Chim ↑ Pom
Mujin-to Production, Tokyo, Japan
Chim ↑ Pom, Saya mau perigi ke TPA (2008), installation shot. © 2008 Chim ↑ Pom. Courtesy of Mujin-to Production, Tokyo
If art is going to include an element of shock, then it can’t be the type that just wears off with repeated viewings. The provocative must also be evocative – enough to spark fire-cracker explosions of thoughts and insights, where the inconceivable suddenly becomes incontrovertible. Insights like: man’s best friend is not the dog, but the rat! The Third World is living off the trash of the First! The weapons of former despots should be drafted into a war against financial inequality!
Or: this ‘bunch of pricks’ might just save Japanese contemporary art!
OK, I take that last one back. A literal translation of ‘Chim ↑ Pom’, the name of a six-person artist group whose third ‘solo’ exhibition in Tokyo in as many months is now at Mujin-to Production, probably wouldn’t be as coarse as that. Penis, perhaps, or something more cute, maybe - like pecker or willy. The point is that in a local art scene long verging on the ‘yawn’ side of staid, even that’s enough to make these guys sound immediately fresh.
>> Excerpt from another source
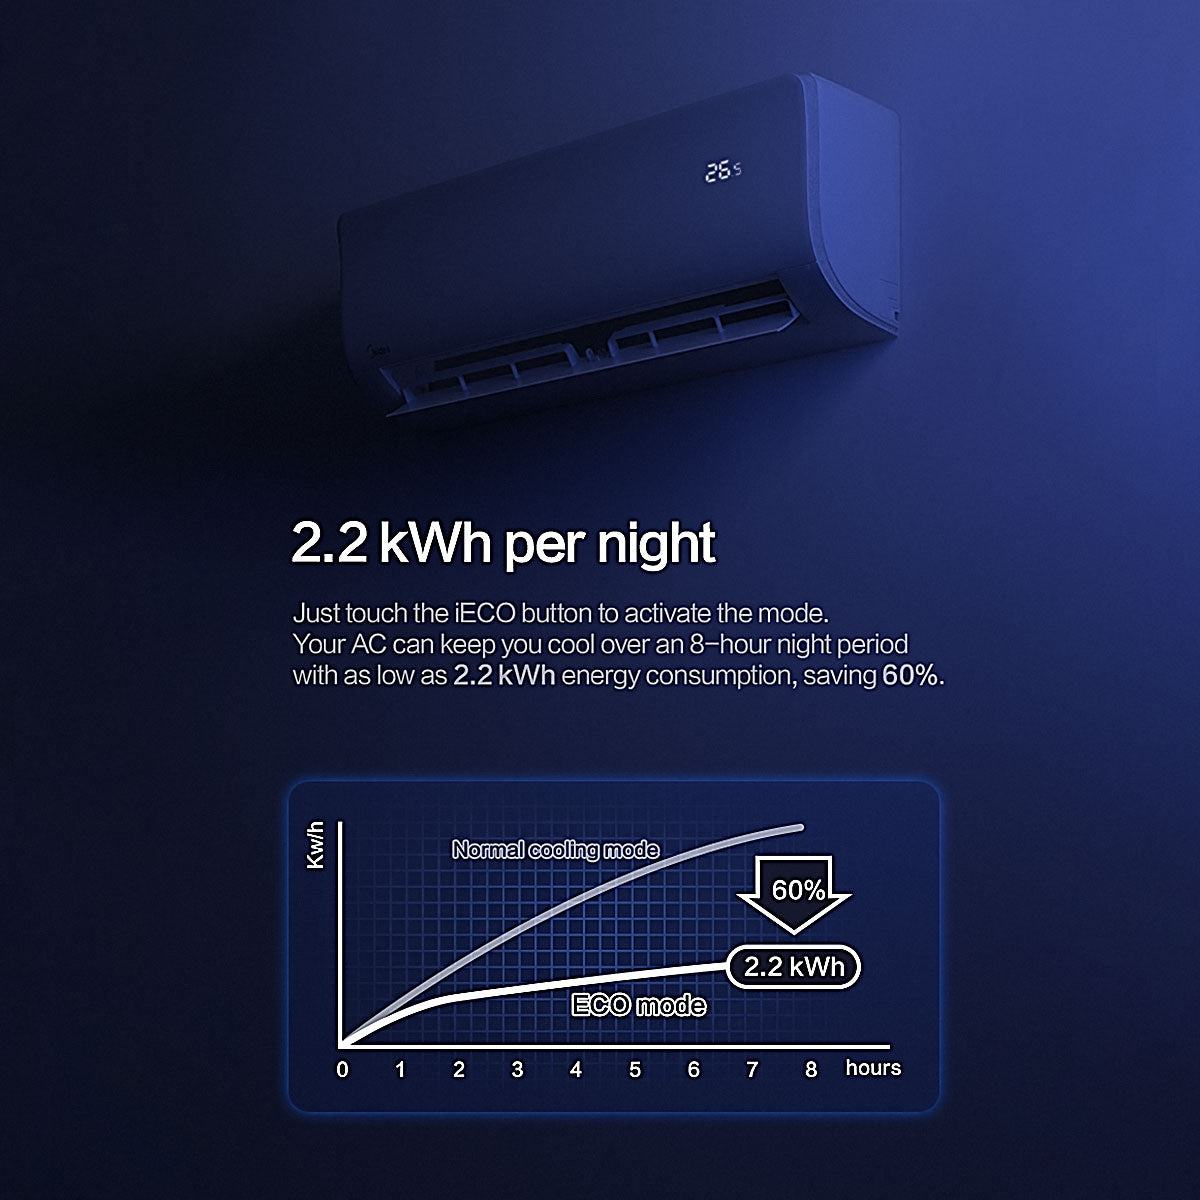 Midea Xtreme Save Split Air Conditioner 2.0 kW

Chim ↑ Pom formed in 2005 – a collection of wandering art graduate asteroids pulled into orbit around slacker art star, Makoto Aida. ‘Basically we met each other during drinking sessions with Aida’, member Yasutaka Hayashi explained to me a few months ago. Ellie, the group’s only woman (or gyaru – gal – as she says in the lingo of her peroxide-and-dark-makeup generation), had modeled for Aida’s paintings. The group’s leader, though, is Ryuta Ushiro. It was he who explained the concept behind their controversial exhibition two months ago at Hiromi Yoshii gallery. ‘The only thing rats, crows and humans have in common is garbage,’ he announced, as if that totally explained why we were peering through a one-way mirror into a small concrete room in which a rat, a crow and a human (Toshinori Mizuno, one of the group’s members), were about to spend two weeks living off trash.
After two weeks, of course, the crow had died, but the others had pulled through, apparently having formed some kind of Free Trade Agreement between ground-hugging scavengers. Accompanying that performance/installation, Becoming friend, eating each other or falling down together (2008), there was a video documenting how the crow had been ‘rescued’ in a midnight raid on one of the traps installed in the metropolis by the famously anti-crow Tokyo Governor, Shintaro Ishihara. ‘We took your crows!’ the artists can be seen scrawling on a sign outside, adding the tag ‘C ↑ Shepherd’ and jokingly aligning themselves with Japan’s environmentalist tormentor, Paul Watson.
In the current exhibition, Chim ↑ Pom are showing work that they made during a recent trip to Bali alongside other new work. The Bali piece, Saya mau perigi ke TPA (Take me to the garbage disposal plant, 2008), includes a video showing Ellie in the guise of a cashed-up bimbo chick tourist cavorting in a helicopter above a giant garbage tip. As she dumps junk from about 200 meters up, a local community of recyclers sifts through the refuse below. Japanese dropping garbage on their poorer Asian neighbours?! The offensiveness is only just outweighed by the knowledge that the artists’ primary target isn’t the Indonesians, but their own, unthinking countrymen.

Chim ↑ Pom, Feelin’ like the guys make me hot 02 (2008), C-print, DVD. © 2008 Chim ↑ Pom. Courtesy of Mujin-to Production, Tokyo
Chim ↑ Pom produces work at a pace that only a six-person group could manage. In just three years they have built up a mind-boggling oeuvre that includes taxidermied rats, bleached and dyed bright yellow to resemble the video game character Pikachu, a biennale guerrilla performance held at the Tokyo Disney Resort’s version of Venice, the mustering of hundreds of wild crows to the National Diet Building in Tokyo, the destruction of Louis Vuitton handbags in Cambodia using unexploded landmines, and Hard Rock Café signs drawn with kerosene-hoses and lighters (one of the new works in the current show).
Where it’s all heading is anybody’s guess; what it tells us about Japan is crystal clear. Shock like that of confronting a live crow in a gallery hasn’t figured in Japanese art since the late 1960s, when, to a backdrop of student and left-wing riots, Hi-Red Center donned lab coats and started polishing the sidewalks with toothbrushes. The prosperity and peace of the ‘80s and ‘90s steered local artists towards a predominantly refined academicism. Nowadays, with China’s emergence as a geopolitical power, the pension scandal (millions of records were lost) and a spate of random stabbing crimes, cracks have appeared in the nation’s veneer of confident affluence. All of a sudden satire, cynicism and subversion are back on the table, and Chim ↑ Pom aren’t wasting a second.